We need the boat to be in a configuration when it sails upwind so that the flow around the sail is attached and the sail works as a wing.
To generate the configuration we first assume that the boat as a target heading `hdg_target` = 0. The boat as a certain heading `hdg` with respect to the north
and faces an upcoming wind of heading `WH`. To lower the number of parameters at stake we consider that the wind has a **constant speed** of 15 knts.
The sail is oriented with respect to the boat heading with an angle `sail_pos` = -40°. The angle of attack of the wind on the sail is therefore equal to
`i = hdg + WH + sail_pos`. This angle equation can be well understood thanks to the following image.


.. image:: scheme.png
   :width: 200px
   :height: 180px
   :scale: 200 %
   :align: center

The action taken to change the angle of attack are changes of boat heading `delta_hdg`. We therefore assume that `sail_pos` is constant and equal to -40°.
The wind heading is fixed to `WH` = 45°. Finally, there is a delay between the command and the change of heading of τ = 0.5 seconds. The simulator can be
represented with the following block diagram. It contains a delay and an hysteresis block that are variables of the simulator class.

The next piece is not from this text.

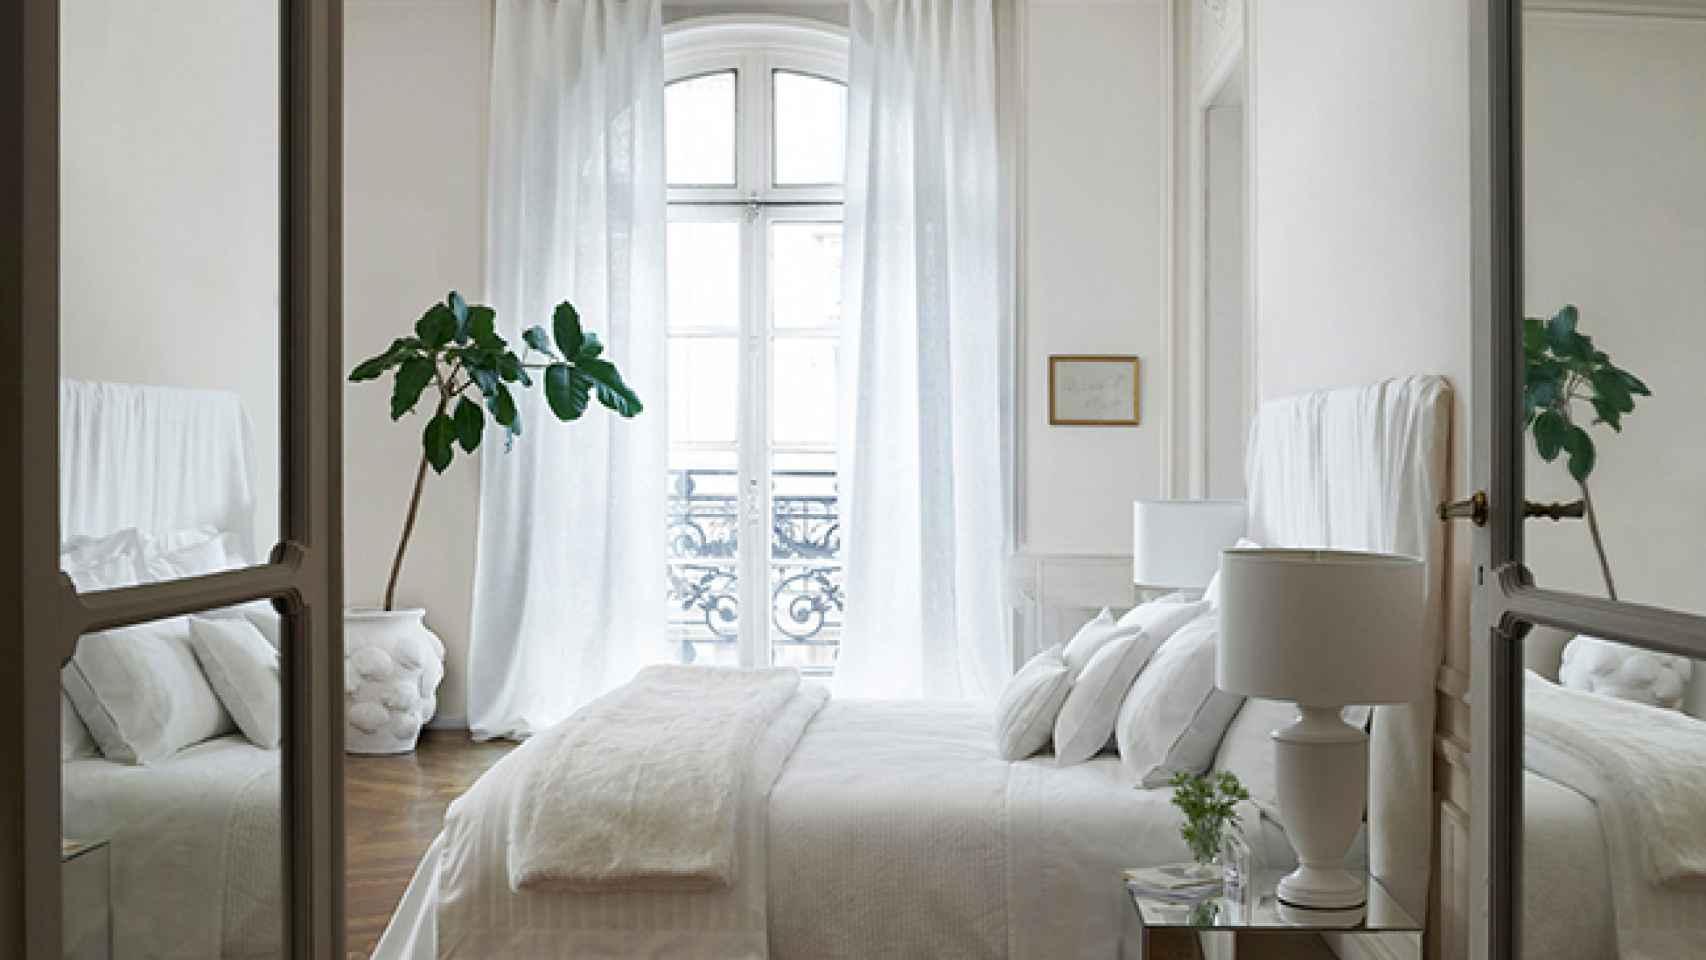 Las paredes blancas amplían visualmente el espacio, además de transmitir pureza. Foto: Zara Home.

.. image:: block_diagrams.png
   :width: 200px
   :height: 100px
   :scale: 200 %
   :align: center


Simulator
------------------------------


.. automodule:: Simulator
	:members:
	:undoc-members:
	:show-inheritance:


.. warning::
   Be careful, the delay is expressed has an offset of index. the delay in s is equal to delay*time_step


Hysteresis
------------------------------

.. automodule:: hysteresis
	:members:
	:undoc-members:


Markov Decision Process (MDP)
------------------------------

.. automodule:: mdp
	:members:
	:undoc-members:

.. note:: The class variable simulation_duration defines the frequency of action taking. The reward is the average of the new velocities computed after each transition.

Tutorial
---------------

To visualize how a simulation can be generated we provide a file MDPmain.py that creates a simulation where the heading is first increase and then decrease.

.. code-block:: python
   :emphasize-lines: 36

   TORAD = math.pi / 180

   history_duration = 3
   mdp_step = 1
   time_step = 0.1
   SP = -40 * TORAD
   mdp = mdp.MDP(history_duration, mdp_step, time_step)

   mean = 45 * TORAD
   std = 0 * TORAD
   wind_samples = 10
   WH = np.random.uniform(mean - std, mean + std, size=10)

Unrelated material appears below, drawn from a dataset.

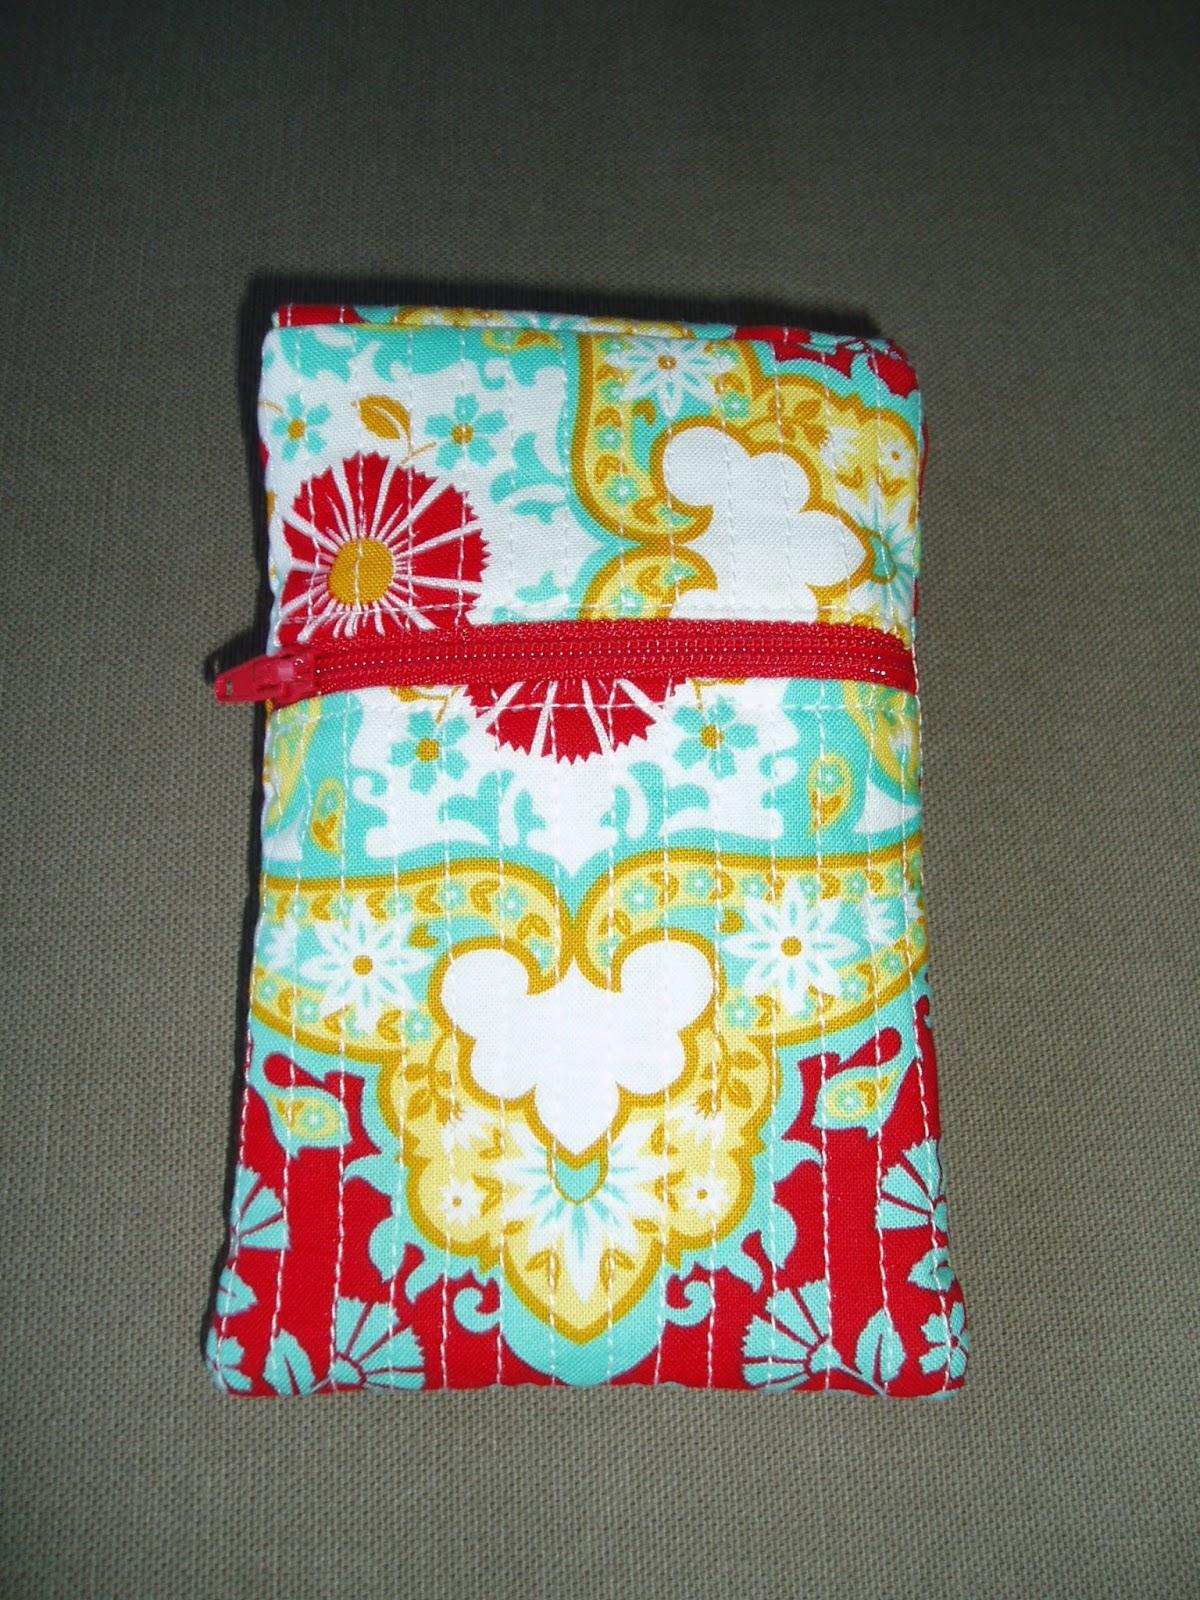 tissus hilos crafts pochette housse pour t l phone. Black Bedroom Furniture Sets. Home Design Ideas

   hdg0 = 0 * TORAD * np.ones(wind_samples)
   state = mdp.initializeMDP(hdg0, WH)

   SIMULATION_TIME = 100

   i = np.ones(0)
   vmg = np.ones(0)
   wind_heading = np.ones(0)

   for time in range(SIMULATION_TIME):
       print('t = {0} s'.format(time))
       action = 0
       WH = np.random.uniform(mean - std, mean + std, size=wind_samples)
       if time < SIMULATION_TIME / 4:
           action = 0
       elif time < SIMULATION_TIME / 2:
           action = 1
       elif time < 3 * SIMULATION_TIME / 4:
           action = 0
       else:
           action = 1

       nex_state, reward = mdp.transition(action, WH)
       next_state = state
       i = np.concatenate([i, mdp.extractSimulationData()[0, :]])
       vmg = np.concatenate([vmg, mdp.extractSimulationData()[1, :]])
       wind_heading = np.concatenate([wind_heading, WH])

   time_vec = np.linspace(0, SIMULATION_TIME, int((SIMULATION_TIME) / time_step))
   hdg = i - wind_heading - SP


This results in the following value for the velocity, angle of attack and heading.

.. image:: Figure_1.png
   :width: 200px
   :height: 200px
   :scale: 300 %
   :alt: alternate text
   :align: center